__Problem description__.
Go to the line below containing "Chairman Dick Durbin" and print exactly from there through the line containing "9 hearts with different colors by magraphics", both included. Print nothing else.

Stored dataset items
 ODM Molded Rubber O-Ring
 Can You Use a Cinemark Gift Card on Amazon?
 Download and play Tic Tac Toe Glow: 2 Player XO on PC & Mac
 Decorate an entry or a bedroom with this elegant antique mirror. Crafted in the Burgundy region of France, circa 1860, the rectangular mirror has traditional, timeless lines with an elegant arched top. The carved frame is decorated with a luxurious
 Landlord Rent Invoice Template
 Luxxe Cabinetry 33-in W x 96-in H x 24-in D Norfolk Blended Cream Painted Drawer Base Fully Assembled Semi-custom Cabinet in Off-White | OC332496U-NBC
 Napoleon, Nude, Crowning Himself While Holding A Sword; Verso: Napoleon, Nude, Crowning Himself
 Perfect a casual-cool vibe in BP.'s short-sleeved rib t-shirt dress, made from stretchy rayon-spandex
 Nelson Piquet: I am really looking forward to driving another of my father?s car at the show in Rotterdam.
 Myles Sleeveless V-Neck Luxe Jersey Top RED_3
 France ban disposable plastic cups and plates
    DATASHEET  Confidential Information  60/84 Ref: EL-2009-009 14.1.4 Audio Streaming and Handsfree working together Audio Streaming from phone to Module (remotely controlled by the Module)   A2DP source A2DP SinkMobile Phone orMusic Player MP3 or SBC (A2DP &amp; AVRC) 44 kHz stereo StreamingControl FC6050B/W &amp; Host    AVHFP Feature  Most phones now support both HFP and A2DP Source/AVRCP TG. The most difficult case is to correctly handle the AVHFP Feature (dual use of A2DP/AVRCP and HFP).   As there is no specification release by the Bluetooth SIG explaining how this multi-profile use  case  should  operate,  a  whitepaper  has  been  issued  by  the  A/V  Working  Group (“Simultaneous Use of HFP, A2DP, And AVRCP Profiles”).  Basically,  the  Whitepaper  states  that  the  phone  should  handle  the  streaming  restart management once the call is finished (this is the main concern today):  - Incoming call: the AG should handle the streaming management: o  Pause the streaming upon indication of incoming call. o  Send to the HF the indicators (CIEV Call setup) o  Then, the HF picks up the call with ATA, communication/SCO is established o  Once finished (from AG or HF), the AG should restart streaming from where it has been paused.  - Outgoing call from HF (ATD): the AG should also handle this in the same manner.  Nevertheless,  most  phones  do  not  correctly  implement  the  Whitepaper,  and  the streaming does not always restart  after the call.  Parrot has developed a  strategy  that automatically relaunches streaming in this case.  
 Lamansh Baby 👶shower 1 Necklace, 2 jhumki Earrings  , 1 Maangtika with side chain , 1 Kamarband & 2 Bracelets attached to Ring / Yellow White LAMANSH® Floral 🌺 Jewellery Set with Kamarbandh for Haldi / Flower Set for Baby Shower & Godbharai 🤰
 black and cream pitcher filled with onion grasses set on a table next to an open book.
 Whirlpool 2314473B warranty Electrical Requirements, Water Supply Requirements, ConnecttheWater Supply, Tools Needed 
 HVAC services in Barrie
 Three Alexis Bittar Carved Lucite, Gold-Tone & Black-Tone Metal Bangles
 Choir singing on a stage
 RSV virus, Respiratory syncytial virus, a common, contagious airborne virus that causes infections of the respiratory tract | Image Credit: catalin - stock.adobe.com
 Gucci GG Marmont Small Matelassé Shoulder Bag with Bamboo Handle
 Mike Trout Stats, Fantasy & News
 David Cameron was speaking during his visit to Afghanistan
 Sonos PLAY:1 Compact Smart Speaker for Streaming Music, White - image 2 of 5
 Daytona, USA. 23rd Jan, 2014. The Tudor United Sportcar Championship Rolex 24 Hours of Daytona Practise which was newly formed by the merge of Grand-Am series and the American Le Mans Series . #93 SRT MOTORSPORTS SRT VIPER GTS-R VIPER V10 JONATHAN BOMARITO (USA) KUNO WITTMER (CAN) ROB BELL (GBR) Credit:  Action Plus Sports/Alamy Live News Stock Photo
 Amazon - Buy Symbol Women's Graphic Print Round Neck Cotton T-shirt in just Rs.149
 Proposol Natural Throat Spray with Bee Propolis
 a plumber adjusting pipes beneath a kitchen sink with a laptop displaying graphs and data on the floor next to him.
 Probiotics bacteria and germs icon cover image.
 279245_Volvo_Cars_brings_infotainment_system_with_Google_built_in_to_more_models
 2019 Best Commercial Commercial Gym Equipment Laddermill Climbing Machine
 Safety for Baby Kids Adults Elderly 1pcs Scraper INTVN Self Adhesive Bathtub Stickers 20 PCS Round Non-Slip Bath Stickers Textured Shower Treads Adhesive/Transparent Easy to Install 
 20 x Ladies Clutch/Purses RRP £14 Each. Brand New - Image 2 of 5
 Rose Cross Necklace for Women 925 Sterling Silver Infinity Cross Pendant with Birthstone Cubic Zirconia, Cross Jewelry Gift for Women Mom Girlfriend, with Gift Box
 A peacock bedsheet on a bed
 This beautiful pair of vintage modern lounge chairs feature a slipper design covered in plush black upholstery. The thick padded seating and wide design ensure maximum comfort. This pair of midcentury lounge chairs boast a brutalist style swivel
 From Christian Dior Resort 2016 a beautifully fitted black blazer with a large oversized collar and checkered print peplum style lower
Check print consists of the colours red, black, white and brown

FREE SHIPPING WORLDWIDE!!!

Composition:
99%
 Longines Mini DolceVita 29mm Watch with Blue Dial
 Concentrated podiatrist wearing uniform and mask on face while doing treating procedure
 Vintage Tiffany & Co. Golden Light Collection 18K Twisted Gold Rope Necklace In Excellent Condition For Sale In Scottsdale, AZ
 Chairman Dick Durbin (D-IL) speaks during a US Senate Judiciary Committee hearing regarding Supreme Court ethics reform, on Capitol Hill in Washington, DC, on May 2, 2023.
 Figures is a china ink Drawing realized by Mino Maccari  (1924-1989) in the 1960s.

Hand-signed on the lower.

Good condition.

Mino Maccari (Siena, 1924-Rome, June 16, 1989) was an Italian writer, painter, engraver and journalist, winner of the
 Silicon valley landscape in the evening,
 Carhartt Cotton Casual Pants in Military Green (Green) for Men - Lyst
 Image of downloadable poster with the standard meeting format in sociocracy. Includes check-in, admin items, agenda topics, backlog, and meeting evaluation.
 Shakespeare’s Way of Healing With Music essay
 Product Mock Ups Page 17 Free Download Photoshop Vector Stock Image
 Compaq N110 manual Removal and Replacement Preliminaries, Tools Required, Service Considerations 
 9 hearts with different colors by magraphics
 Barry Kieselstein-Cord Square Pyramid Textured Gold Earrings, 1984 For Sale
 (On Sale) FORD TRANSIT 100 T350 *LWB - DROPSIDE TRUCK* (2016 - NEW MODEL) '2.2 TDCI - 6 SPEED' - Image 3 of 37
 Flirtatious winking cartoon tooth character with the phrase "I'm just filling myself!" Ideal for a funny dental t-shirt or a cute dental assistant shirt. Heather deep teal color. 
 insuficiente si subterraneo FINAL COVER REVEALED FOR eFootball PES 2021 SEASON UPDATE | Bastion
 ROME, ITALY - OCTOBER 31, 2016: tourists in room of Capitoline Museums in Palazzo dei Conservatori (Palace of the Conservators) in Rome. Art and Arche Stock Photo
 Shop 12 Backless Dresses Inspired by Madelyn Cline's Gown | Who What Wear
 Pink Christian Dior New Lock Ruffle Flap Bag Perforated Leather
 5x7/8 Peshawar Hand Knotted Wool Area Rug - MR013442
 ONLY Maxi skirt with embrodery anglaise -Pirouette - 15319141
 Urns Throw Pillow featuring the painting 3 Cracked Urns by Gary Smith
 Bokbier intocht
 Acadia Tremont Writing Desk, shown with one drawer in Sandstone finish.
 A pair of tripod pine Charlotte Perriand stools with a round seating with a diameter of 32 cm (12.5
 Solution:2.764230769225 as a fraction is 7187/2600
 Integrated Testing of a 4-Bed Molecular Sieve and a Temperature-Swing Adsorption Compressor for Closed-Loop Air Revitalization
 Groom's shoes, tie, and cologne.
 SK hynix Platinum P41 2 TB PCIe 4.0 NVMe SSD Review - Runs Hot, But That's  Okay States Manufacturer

__Response area__.
 Chairman Dick Durbin (D-IL) speaks during a US Senate Judiciary Committee hearing regarding Supreme Court ethics reform, on Capitol Hill in Washington, DC, on May 2, 2023.
 Figures is a china ink Drawing realized by Mino Maccari  (1924-1989) in the 1960s.

Hand-signed on the lower.

Good condition.

Mino Maccari (Siena, 1924-Rome, June 16, 1989) was an Italian writer, painter, engraver and journalist, winner of the
 Silicon valley landscape in the evening,
 Carhartt Cotton Casual Pants in Military Green (Green) for Men - Lyst
 Image of downloadable poster with the standard meeting format in sociocracy. Includes check-in, admin items, agenda topics, backlog, and meeting evaluation.
 Shakespeare’s Way of Healing With Music essay
 Product Mock Ups Page 17 Free Download Photoshop Vector Stock Image
 Compaq N110 manual Removal and Replacement Preliminaries, Tools Required, Service Considerations 
 9 hearts with different colors by magraphics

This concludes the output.